Option D: In the worst case, the number of comparisons for given Insertion Sort are $\frac{n(n-1)}{2}$.

Consider the set of numbers $1,2,3,4,5$. Some examples for which the number of comparisons are maximum are

  1. Descending order: $5,4,3,2,1$
  2.  $3, 5, 4, 2, 1$
  3. $3,5,4,1,2$

There is more than $1$ sequence for which the number of comparisons is maximum.

$\therefore$ Correct answer: $D$

Let us see why other options are false.

Option A: Since option D is true, option A is false.

Option B: Given Insertion Sort makes $(n-1)$ comparisons when the input is already sorted in ascending order.

Hence option B is false.

Option C: Insertion Sort makes $\frac{n(n-1)}{2}$ comparisons only when the input is sorted in descending order.

Since the word only is used, this option is false.

Option E: Insertion Sort makes $\frac{n(n-1)}{2}$ comparisons whenever all the elements of $L$ are not distinct.

Not distinct means either all the elements are same or few elements are same and few are distinct.

When elements are same, number of comparisons are $n-1$.
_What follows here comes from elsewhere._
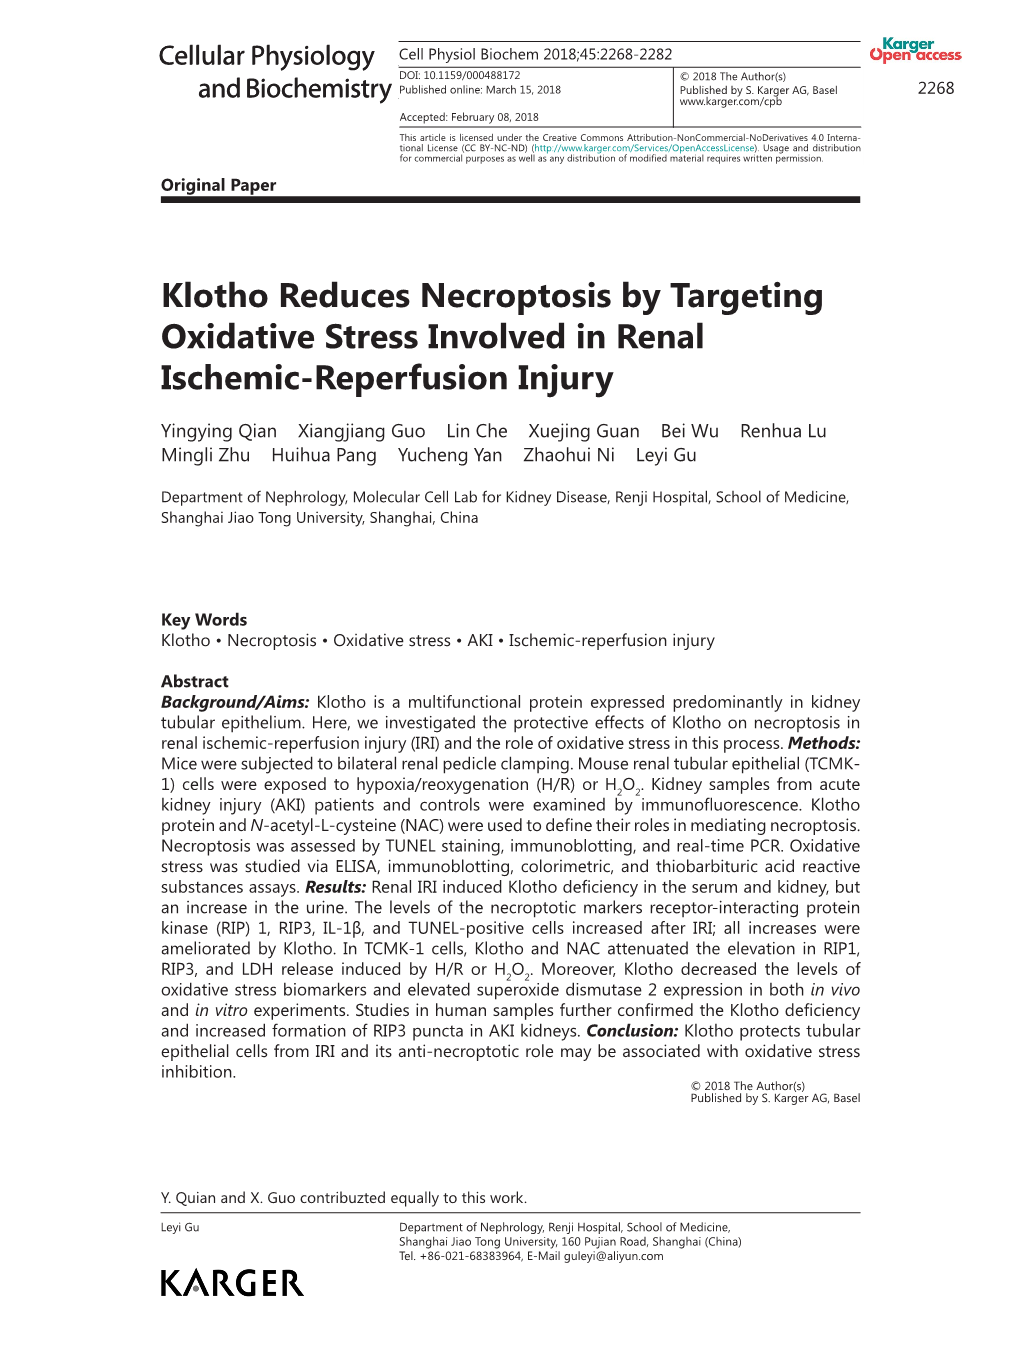 Klotho Reduces Necroptosis by Targeting Oxidative Stress Involved in Renal Ischemic-Reperfusion Injury

When few elements are same and few are distinct, number of comparisons are always less than $\frac{n(n-1)}{2}$ because while comparing same elements we don’t enter while loop. 

Hence option E is false.

Note: There can be more than $1$ sequence for maximum number of comparisons in insertion sort but maximum number of movements or swaps occur only when input is in Descending Order for this question.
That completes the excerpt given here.